Detecting anomalies from logs

Related Topics

Generating alerts from logs

Anomalies are rare patterns or abnormalities that indicate a deviation from the normal behavior of system performance. BMC Helix Log Analytics provides automated analysis with machine learning (ML)-based anomaly detection of abnormal or rare log patterns. You can analyze anomalous logs to debug application errors and ensure optimum performance. You can proactively find concerns or errors before they become a problem.

Scenario:
Sarah is an administrator in Apex Global, which uses BMC Helix Log Analytics for log collection and analysis. Sarah wants to be alerted if there are any deviations from the normal behavior in the system. She knows that small deviations often lead to bigger failures, and she wants to debug these deviations before they become problems. How can Sarah receive such alerts?
Sarah configures alert policies to receive anomaly notifications. When an anomaly is detected, notifications are generated in the form of events. These events are generated in BMC Helix Operations Management. Sarah can also view these events in BMC Helix AIOps and BMC Helix Dashboards.

The following video (2:10) provides a high-level summary of the anomaly detection feature in BMC Helix Log Analytics.

https://www.youtube.com/watch?v=jG-Owi1tusc

Process overview

The following procedure is used by BMC Helix Log Analytics to detect anomalous logs:

Anomaly detection_updated.png

Processing the ingested logs.
An administrator configures alert policies to identify anomalies in the logs. These logs are processed to remove dates, special characters, and unnecessary keywords. The cleaning process uses regular expressions to remove dates and filter characters.
Detecting anomalies.
- Abnormal log records
- Based on the log volume
BMC Helix Log Analytics can detect anomalies in the following ways:
Analyzing anomalous logs.
Use the Explorer tab to analyze log anomalies.
Because of the anomaly detection alert policies, log anomaly events are generated in BMC Helix Operations Management. Use the Events page in BMC Helix Operations Management to analyze the log anomaly events.
For more information, see Analyzing anomalous logs and anomaly events.

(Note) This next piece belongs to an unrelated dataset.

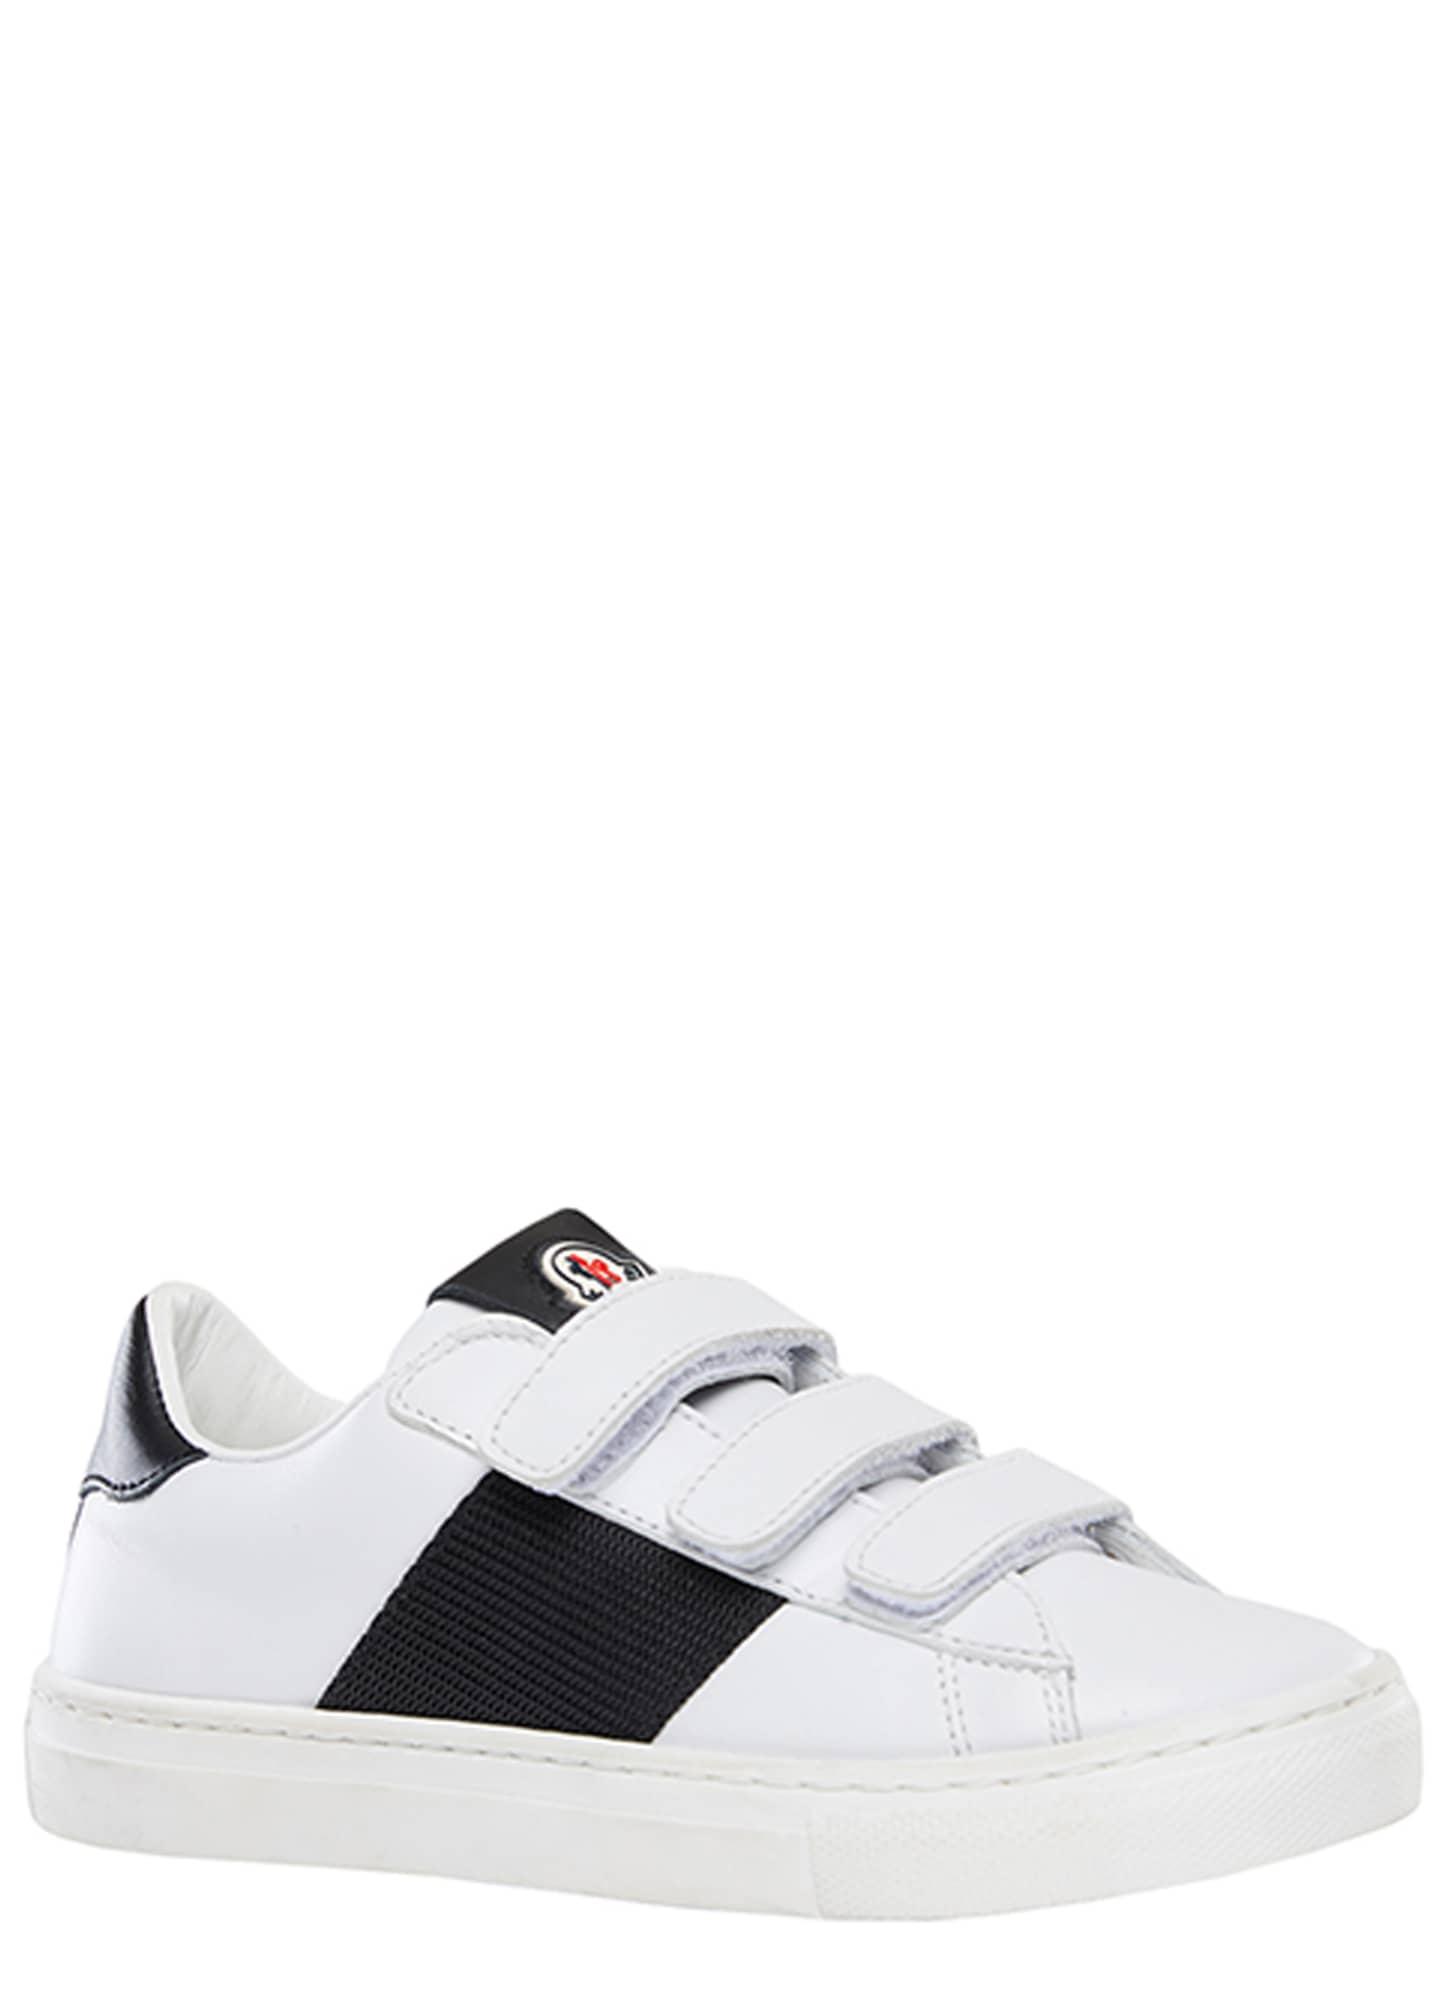 Moncler Mel Leather Grip-Strap Sneakers, Toddler/Kids

Anomaly detection based on abnormal log patterns

BMC Helix Log Analyticsuses hierarchical clustering and cross-similarity techniques to detect anomalies in logs. Anomalies are detected by using the following method:

The hierarchical clustering identifies anomalies from the first batch of logs.
BMC Helix Log Analytics starts detecting anomalies after a default initial training period of 15 minutes. The training period is used to determine false positives.
Important Logs are ingested as a single file for any policy. If multiple log files match the selection criteria defined in the policy, the logs from all files are combined in a single file.
The identified anomalies are stored in a tags table in the binary format for further analysis.
For every subsequent batch, the system performs a cross-similarity check between newly identified anomalies and the data stored in the tags binary.
The default anomaly tag limit is 2000. That means when the tag count reaches the maximum limit, 20% of the oldest tags are removed.
The recommended range for the anomaly tag limit is between 1000 and 2000. If the limit exceeds this range, it can lead to issues in generating log anomalies.
The anomalies use the context extraction technique for quick insights, where the top three keywords are extracted from the anomalies.
Any newly identified anomalies that differ from the previous data are considered new anomalies.
The default aging period of an anomaly is two hours. That means if an anomaly is detected and reappears within two hours, the behavior is not considered anomalous. However, if an anomaly is detected and reappears after two hours, the behavior is flagged as anomalous.
The complete list of anomalies includes both new and existing anomalies in tags
Important Logs that contain the INFO, DEBUG, and TRACE keywords are not considered for anomaly detection. The keywords are not case-sensitive.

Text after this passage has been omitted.